Input data:
===
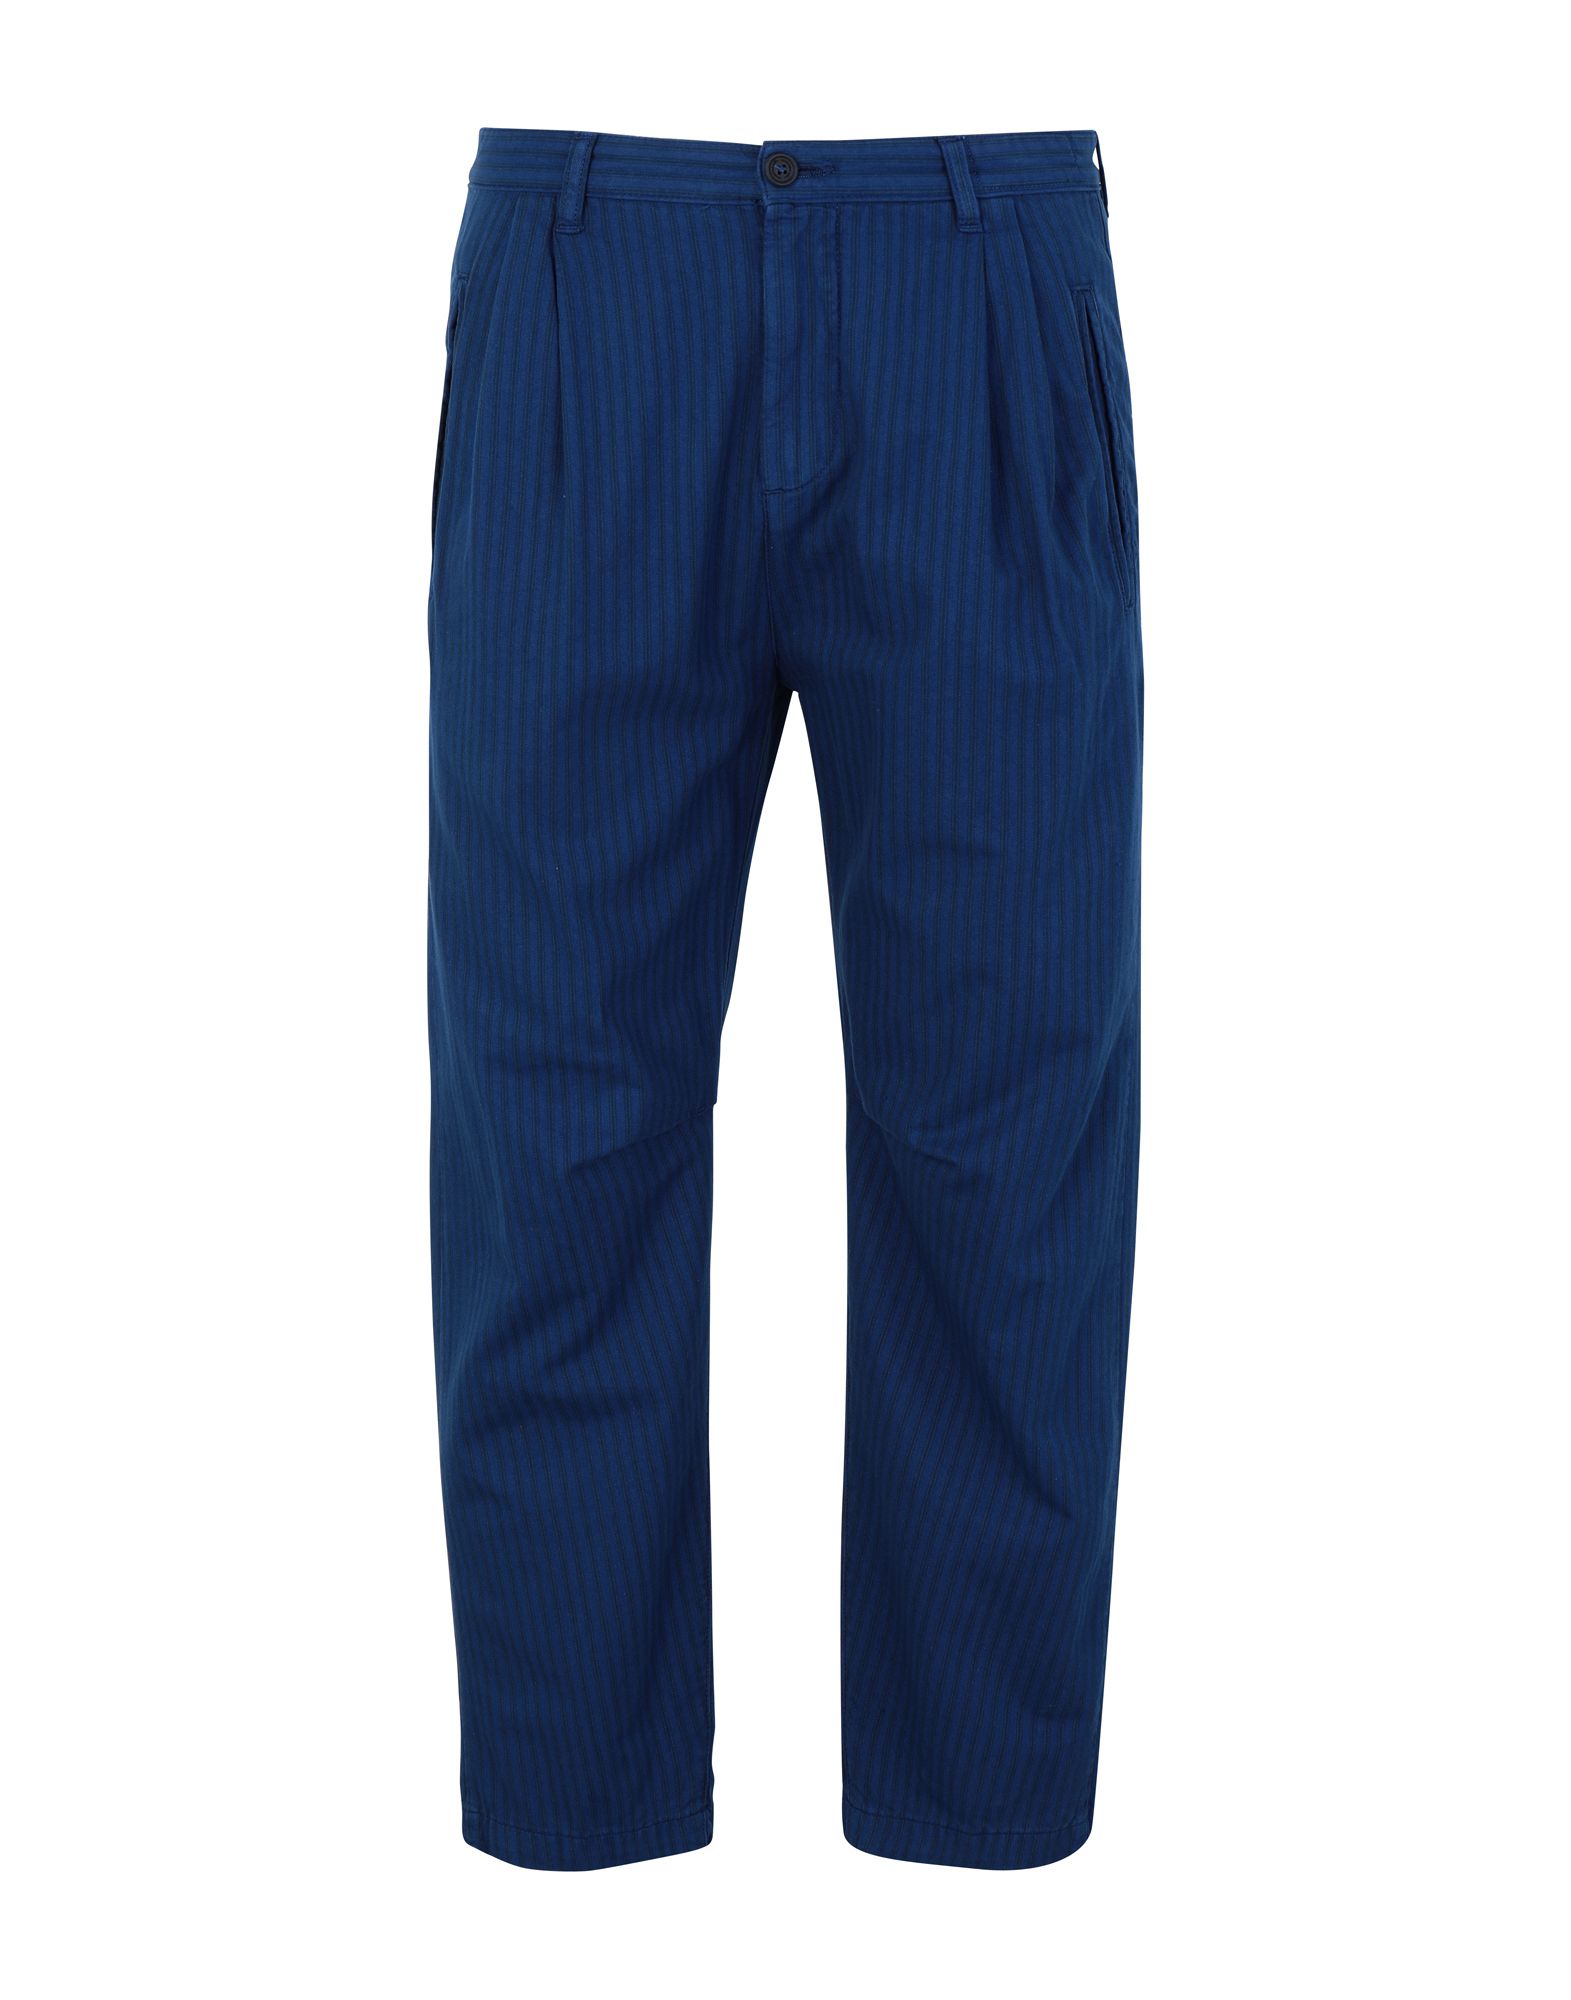 《期間限定セール開催中!》MASSIMO ALBA メンズ パンツ ブルー 48 コットン 100% SCOTTA
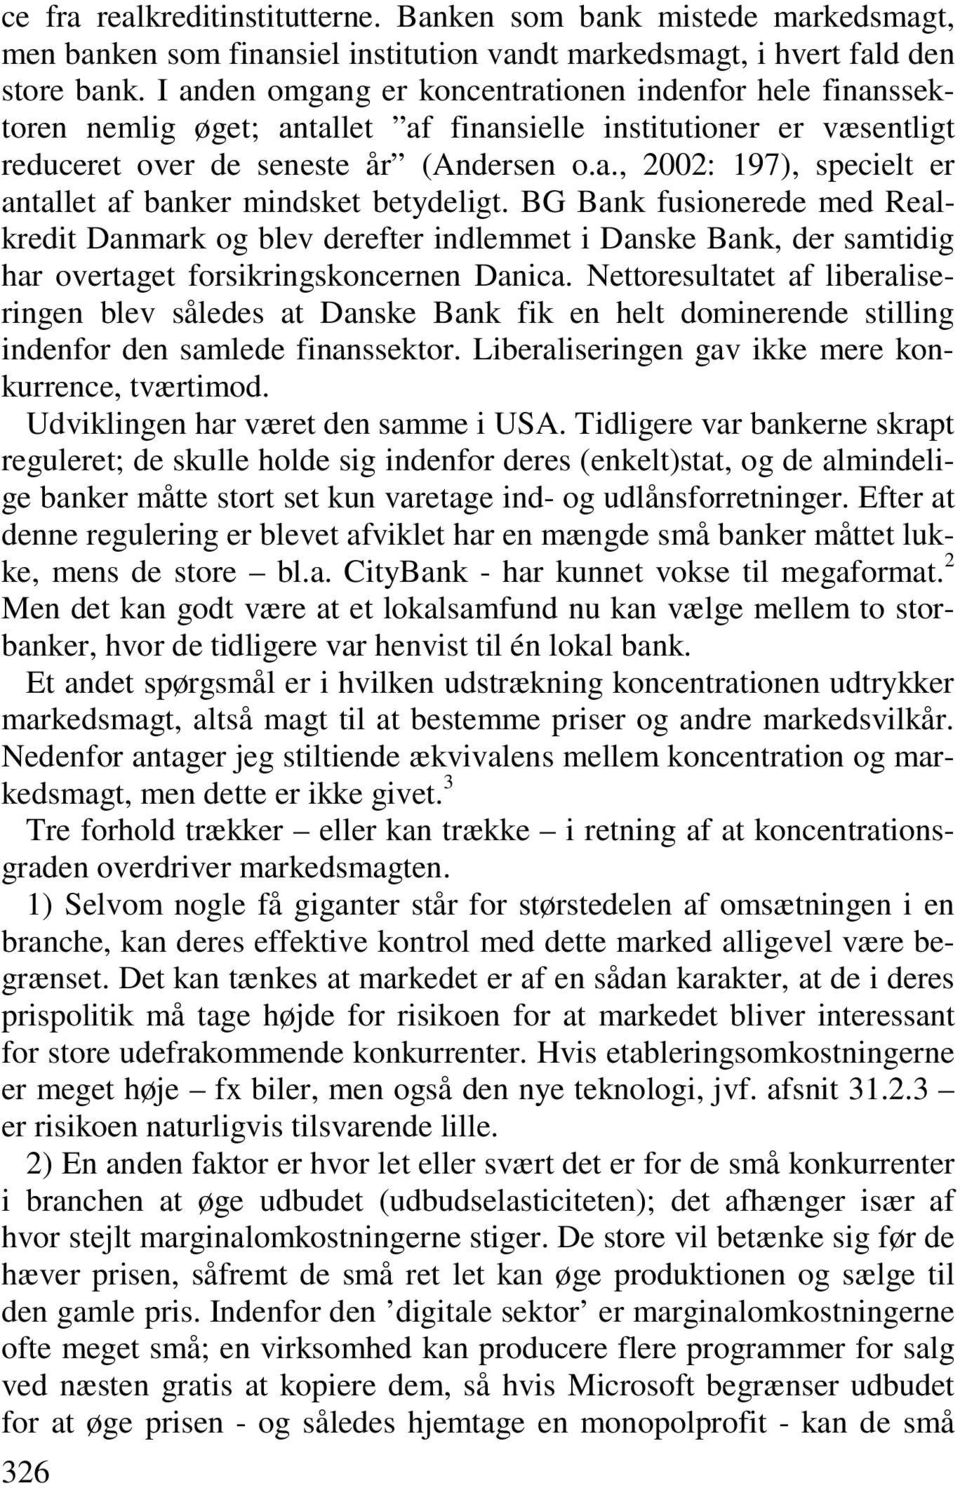 BG Bank fusionerede med Realkredit Danmark og blev derefter indlemmet i Danske Bank, der samtidig har overtaget forsikringskoncernen Danica.
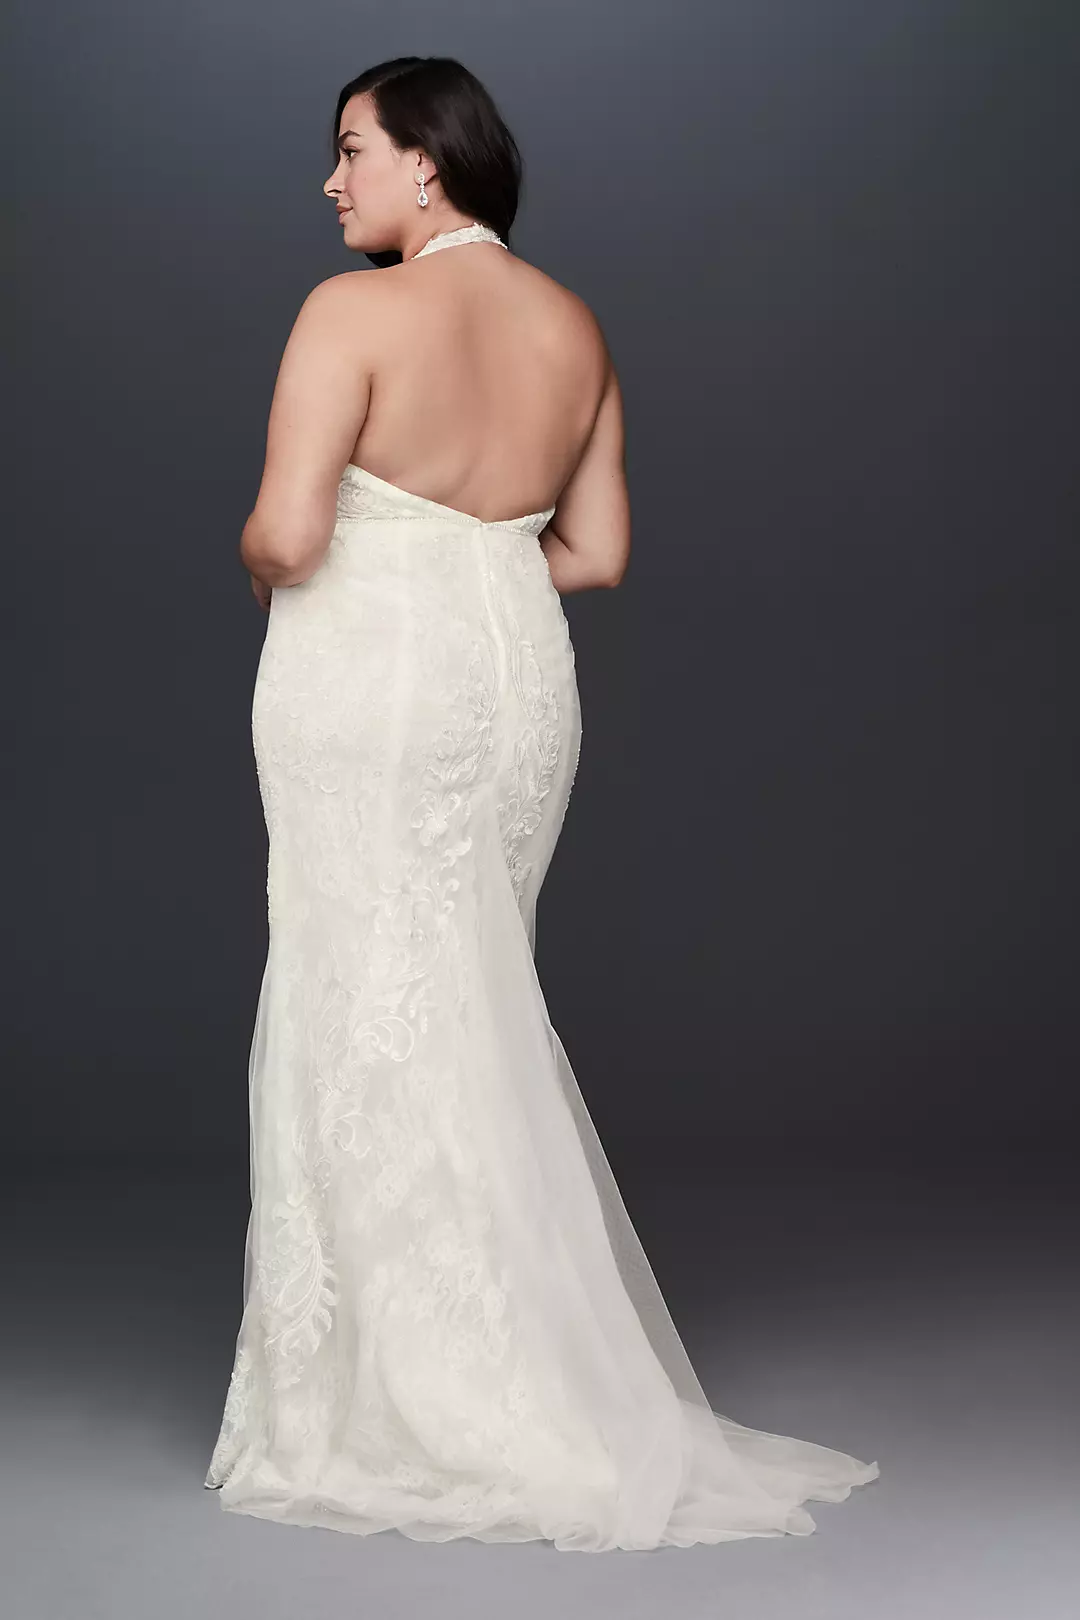 Plunge Neckline Halter Plus Size Wedding Dress Image 2
===
Task to carry out: Write out exactly the lines from the one that contains "BG Bank fusionerede" through the last line of the data above, both included. Leave every picture out.

Exercise output:
 BG Bank fusionerede med Realkredit Danmark og blev derefter indlemmet i Danske Bank, der samtidig har overtaget forsikringskoncernen Danica.
 Plunge Neckline Halter Plus Size Wedding Dress Image 2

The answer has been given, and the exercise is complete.